:: Given information

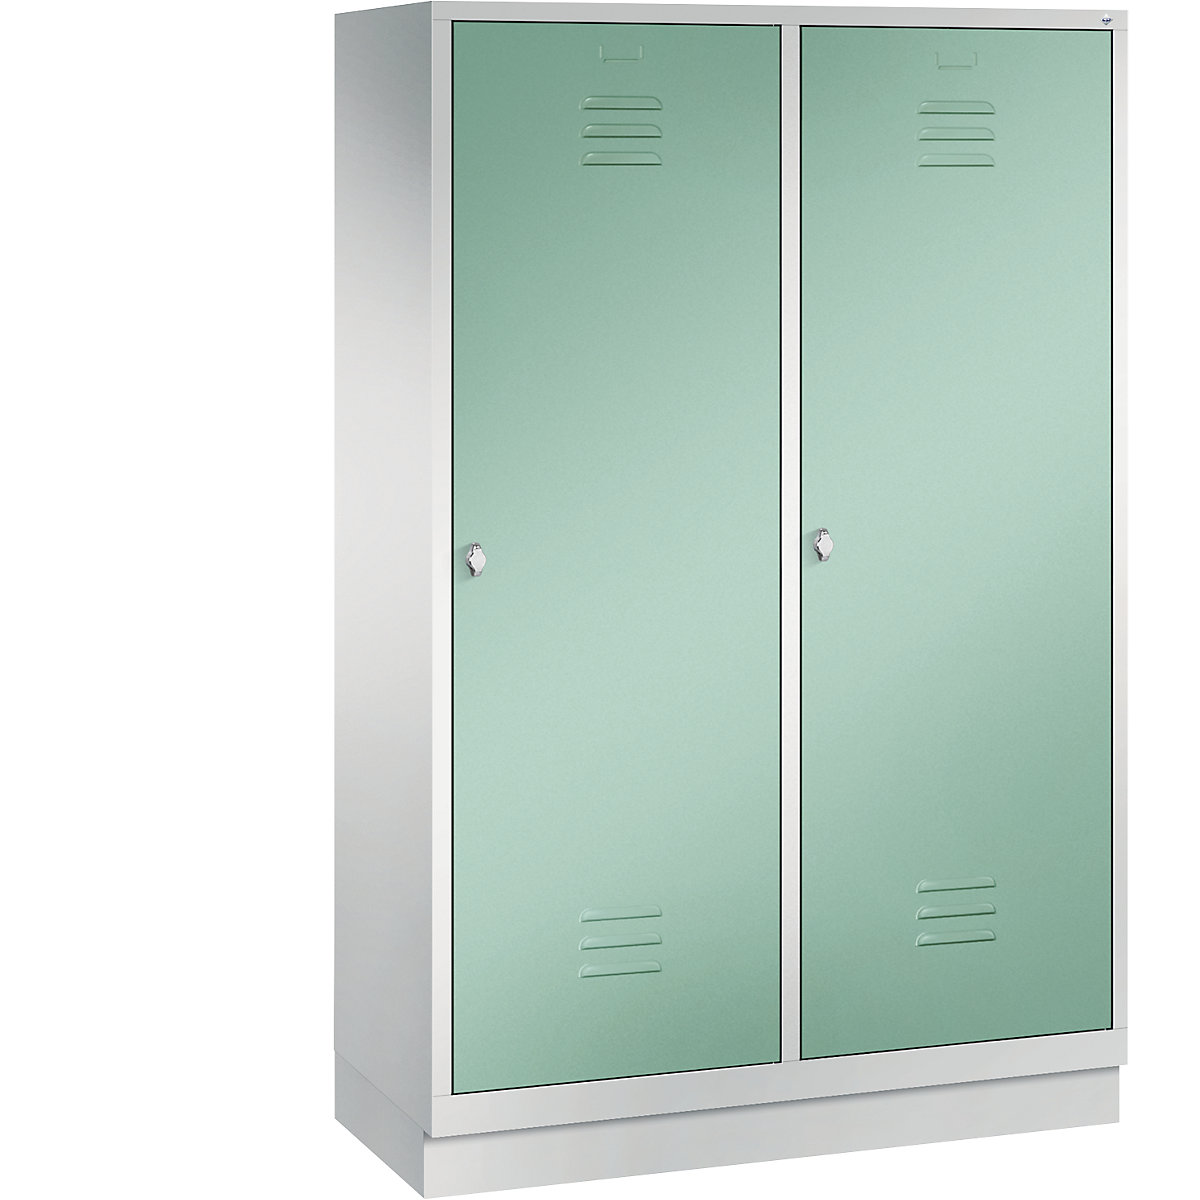 Šatní skříň se soklem CLASSIC s dveřmi přes 2 oddíly – C+P, 4 oddíly, šířka oddílu 300 mm, světlá šedá / světlá zelená
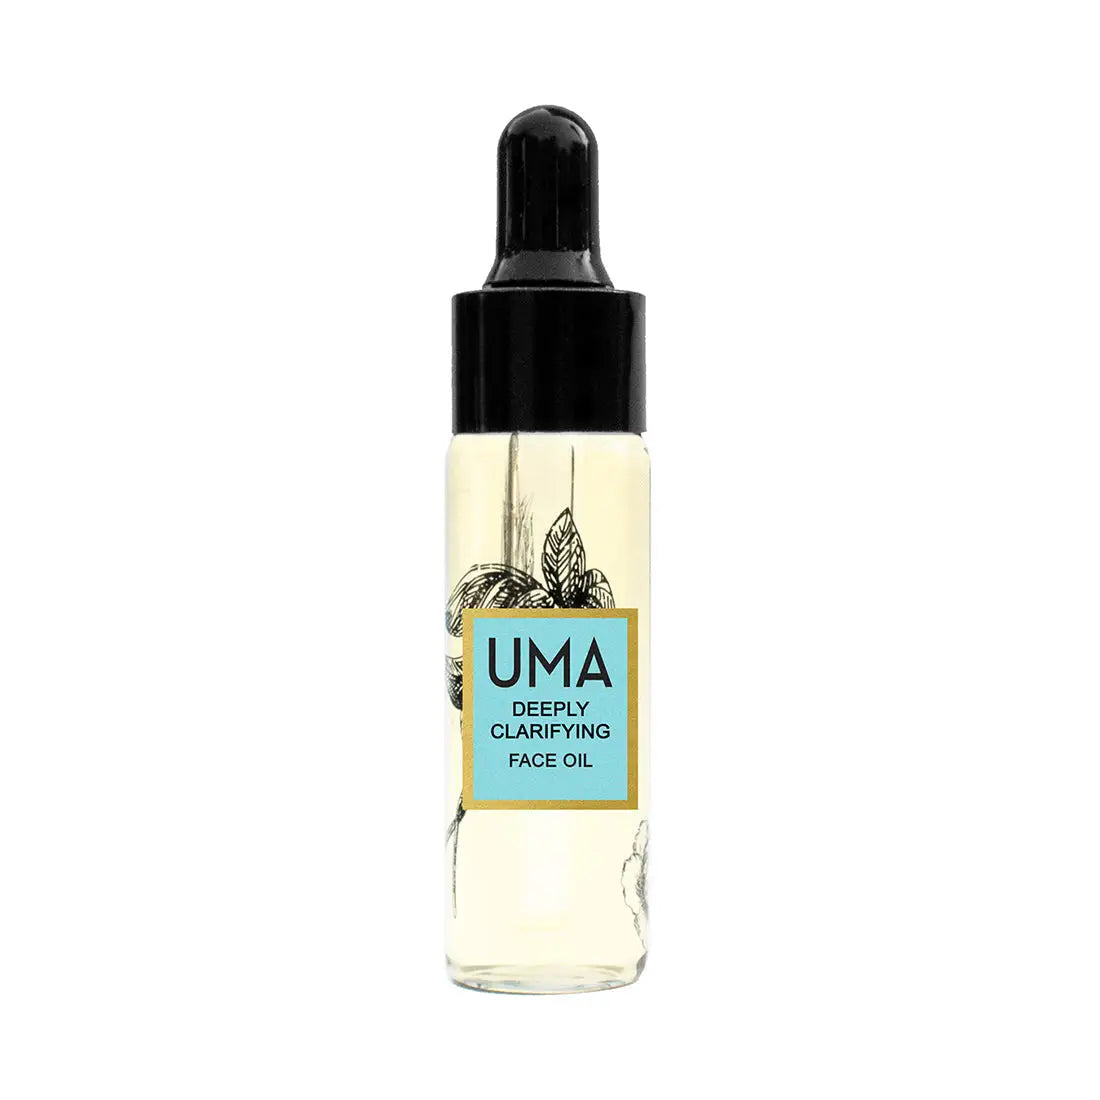 UMA Deeply Clarifying Face Oil 15ml
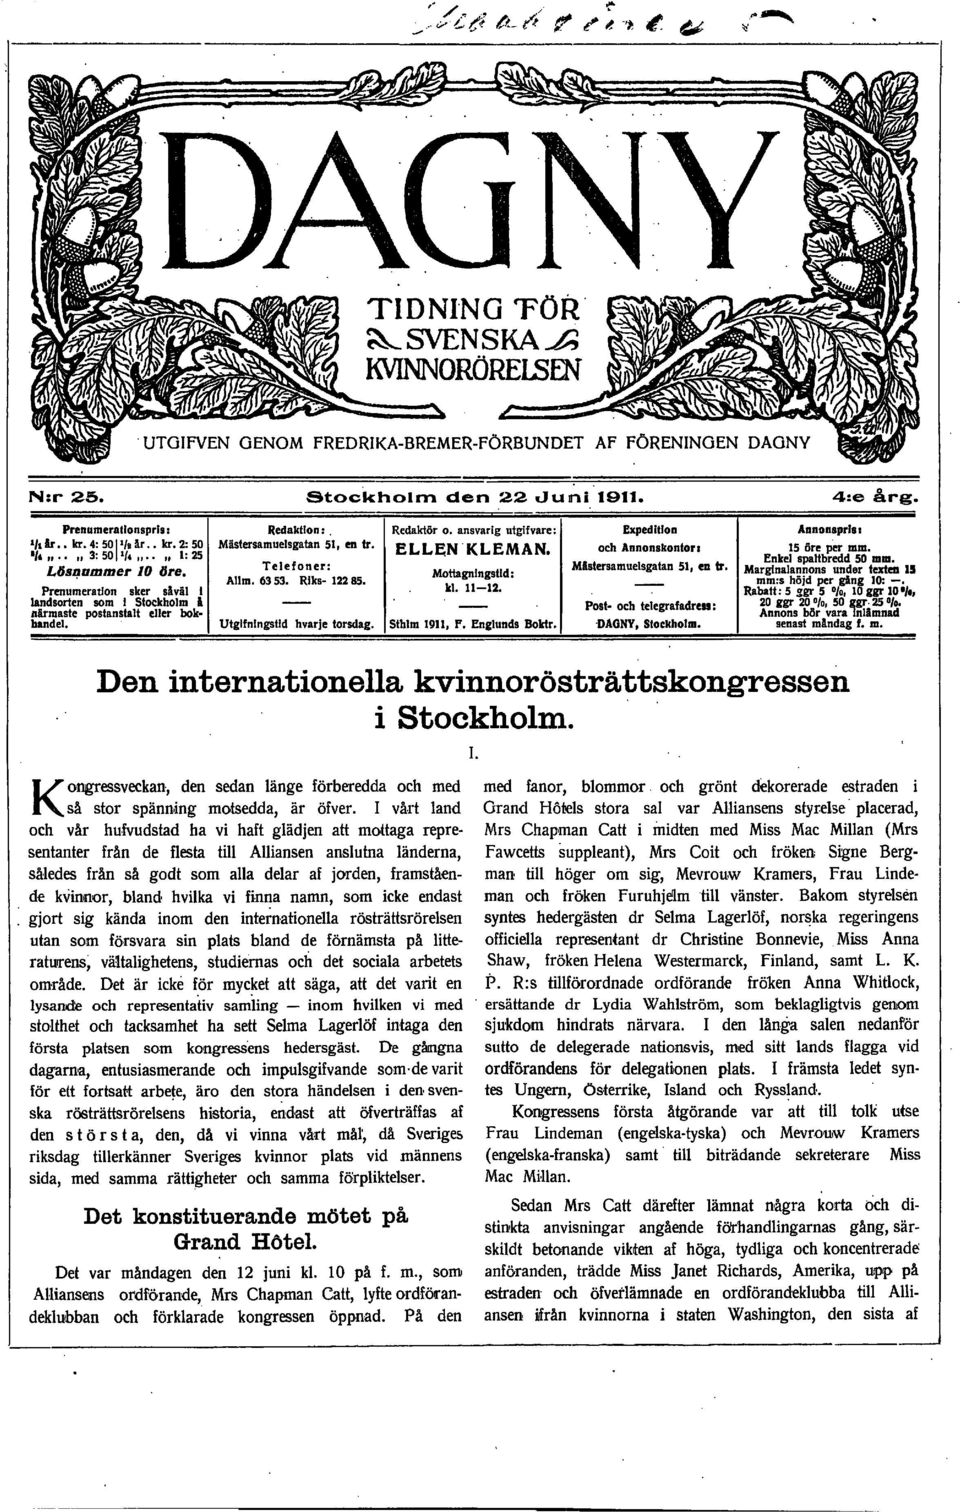 E L L EN ' K L E M A N, Mottagningstld :. kl. 11-12. Sthlm 1911, P. Englunds Boktr. Den internationella kvinnorösträttskongressen i Stockholm.

::::

**Your assignment:** The copy should begin at the line containing "UMA Deeply Clarifying Face Oil 15ml" and end at the last line of the data above; please restate those lines word for word without the pictures.

**Solution to this task:**
 UMA Deeply Clarifying Face Oil 15ml
 E L L EN ' K L E M A N, Mottagningstld :. kl. 11-12. Sthlm 1911, P. Englunds Boktr. Den internationella kvinnorösträttskongressen i Stockholm.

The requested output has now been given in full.